The invention also has the following advantages:

the polarization conversion super surface provided by the invention is composed of a pair of metal resonance rods and a sub-wavelength metal grating, can realize asymmetric polarization conversion of a blue light wave band, concentrates electromagnetic wave energy distributed in two orthogonal linear polarization states on one polarization state, and provides a feasible technical realization way for a plurality of low-loss photoelectric applications.

And secondly, the transmittance is predicted by using the transmittance prediction network instead of a traditional numerical simulation tool, so that a large amount of simulation time and calculation resources can be saved. Taking 12500 sets of data of the asymmetric optical polarization conversion device as an example, the transmittance prediction network only needs 0.59 second, and the traditional FDTD simulation needs 762514 seconds, so that the former can save about 130 times of time. And the latter needs to complete calculation simulation on a high-performance server or a computer cluster, while the design scheme of the invention can complete the design process on a common household computer.

The invention provides an asynchronous reinforcement learning algorithm, and the structure of the asymmetric light polarization conversion device can be designed in a self-adaptive reverse optimization mode by combining the transmissivity prediction network, so that the efficiency of the asymmetric light polarization conversion device reaches the expected efficiency. The asynchronous reinforcement learning algorithm is used for replacing manual adjustment, adjustment time can be saved, meanwhile, joint adjustment can be carried out to find the optimal discrete structure of the asymmetric light polarization conversion device, the defect that the transmissivity of the asymmetric light polarization conversion device is easy to fall into local optimization due to the structure designed in the prior art is solved, and the efficiency of the asymmetric light polarization conversion device is enabled to achieve global optimization. Taking the design of the asymmetric light polarization conversion device structure of the four-dimensional adjustable structural data as an example, the optimal average transmittance of the asymmetric polarization conversion device designed by adopting the deep neural network based on the residual structure and the asynchronous reinforcement learning algorithm is 21% higher than that of the asymmetric polarization conversion device designed by combining the traditional manual adjustment and the FDTD simulation.

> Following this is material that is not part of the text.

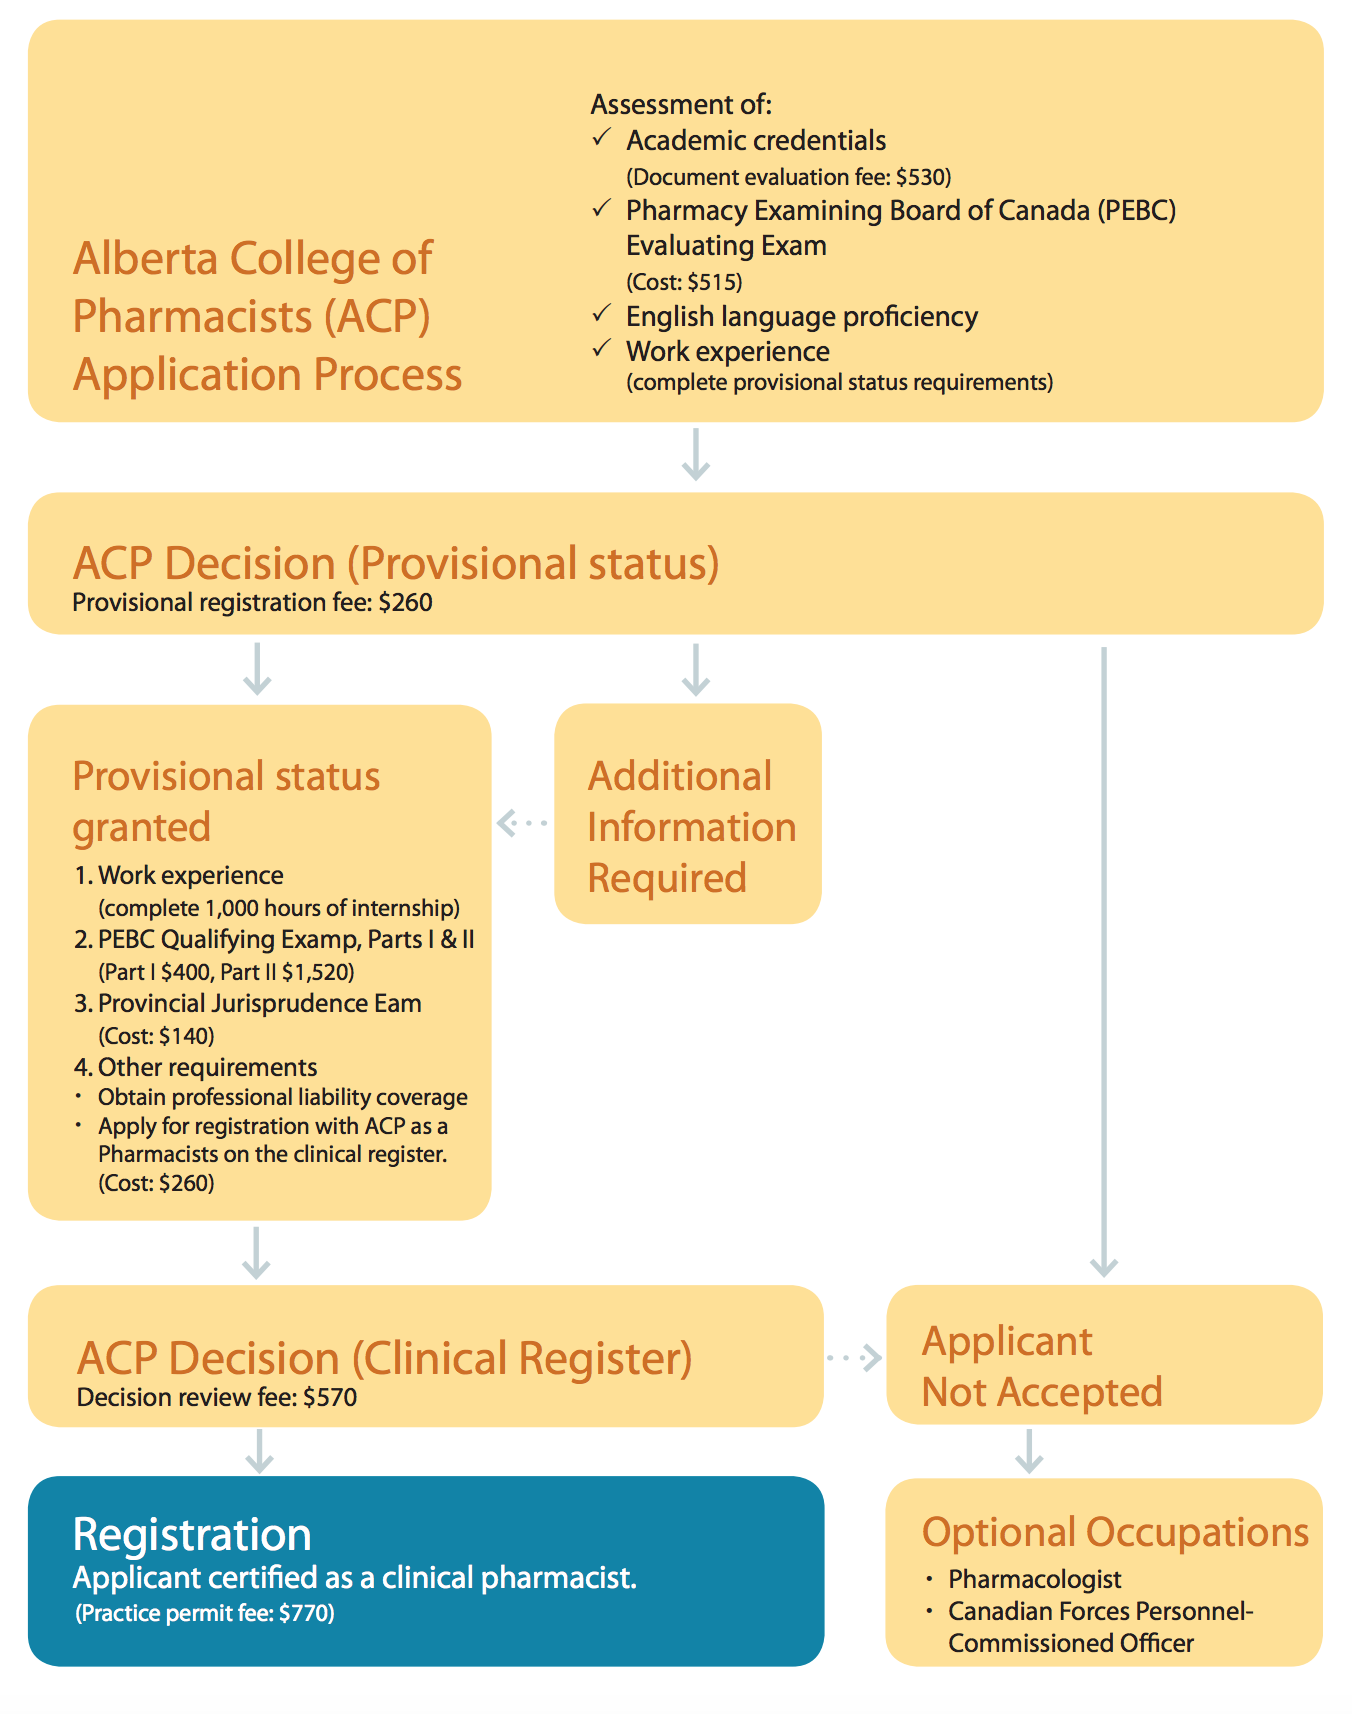 PEBC Exam for Alberta province

The structural design method of the asymmetric light polarization conversion device has strong universality, can be used for structural optimization of asymmetric polarization devices with different structural types aiming at different materials, and can quickly find the optimal structure without the intervention of professionals in the design process.

Drawings

Fig. 1 is a flowchart of a method for designing an asymmetric optical polarization device structure based on asynchronous reinforcement learning according to an embodiment of the present invention.

Fig. 2 is a flow chart of the structural design of the asymmetric optical polarization conversion device according to the embodiment of the present invention.

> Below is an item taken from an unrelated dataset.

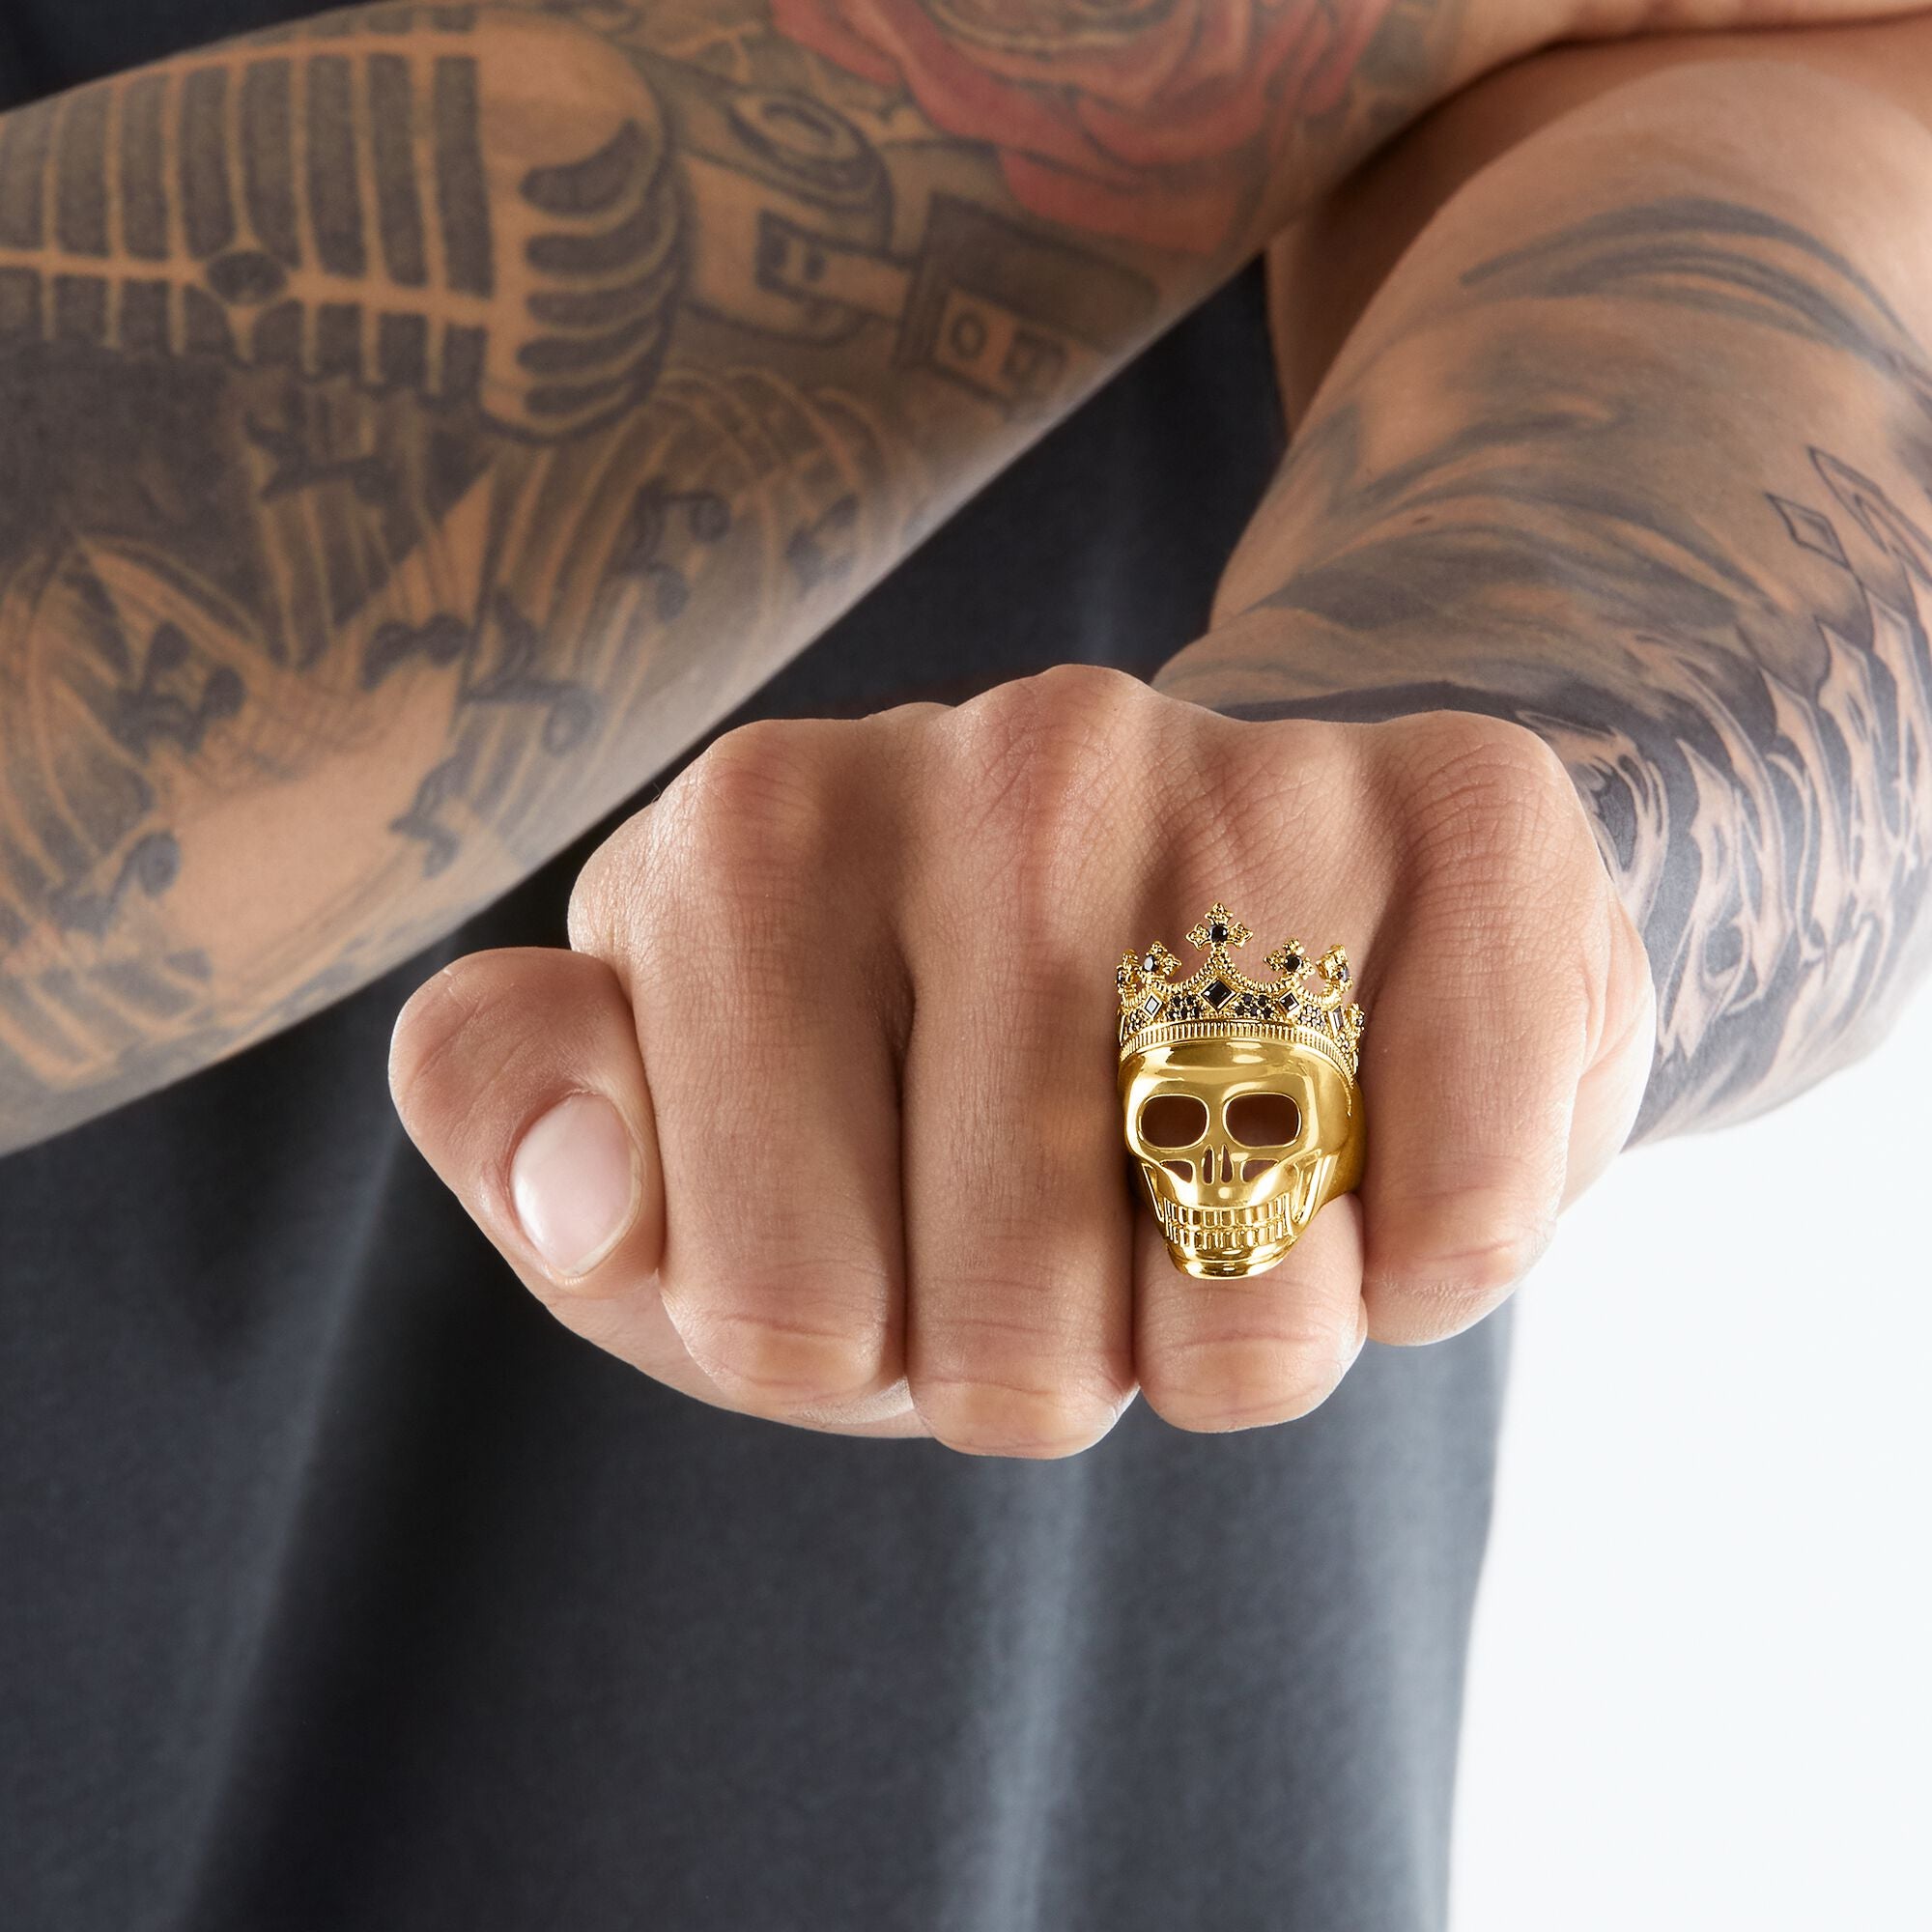 Thomas Sabo 18k Gold Plated Skull King Ring on  a man's hand

Fig. 3 is a schematic diagram of a transmittance prediction network according to an embodiment of the present invention.

Fig. 4 is a flowchart of designing a structure of an asymmetric optical polarization conversion device by using an asynchronous reinforcement learning algorithm in combination with a transmittance prediction network according to an embodiment of the present invention.

Fig. 5 is a flowchart of an asynchronous reinforcement learning algorithm according to an embodiment of the present invention.

Fig. 6 is a flow chart of a conventional asymmetric optical polarization conversion device design provided by an embodiment of the present invention.

Detailed Description

In order to make the objects, technical solutions and advantages of the present invention more apparent, the present invention is further described in detail with reference to the following embodiments. It should be understood that the specific embodiments described herein are merely illustrative of the invention and are not intended to limit the invention.

Aiming at the problems in the prior art, the invention provides an asymmetric light polarization device structure based on asynchronous reinforcement learning and a design method thereof, and the invention is described in detail below with reference to the accompanying drawings.

Those skilled in the art can also implement the method of designing the asymmetric light polarization device structure based on the asynchronous reinforcement learning, and the method of designing the asymmetric light polarization device structure based on the asynchronous reinforcement learning provided by the present invention in fig. 1 is only one specific example.

As shown in fig. 1, an asymmetric optical polarization device structure design method based on asynchronous reinforcement learning according to an embodiment of the present invention

S101: preprocessing a simulation data set;

s102: building and initializing a transmissivity prediction network;

s103: training a transmittance prediction network;

s104: and optimizing the structure of the asymmetric polarization conversion device by using an asynchronous reinforcement learning algorithm.

In S101 provided by the embodiment of the present invention, a specific process of preprocessing a simulation data set is as follows:

and for the data set preprocessing part, normalizing the obtained device structure data to be between 0 and 1, and simultaneously carrying out 3:1 down-sampling on the obtained 83-dimensional transmission spectrum data to be 27-dimensional data. The normalization process is as follows:

wherein X_normFor the result after normalization, X_minAnd X_maxRepresenting the minimum and maximum values of the same dimension in the same batch of structure or material property data. After normalization, T is_yyAnd T_yxThe transmission spectrum data is down-sampled, for example, by indexing 0,1,2 …,81, 82, and the data in the spectral lines with data indices of 0,3,6 …,81 are retained after down-sampling.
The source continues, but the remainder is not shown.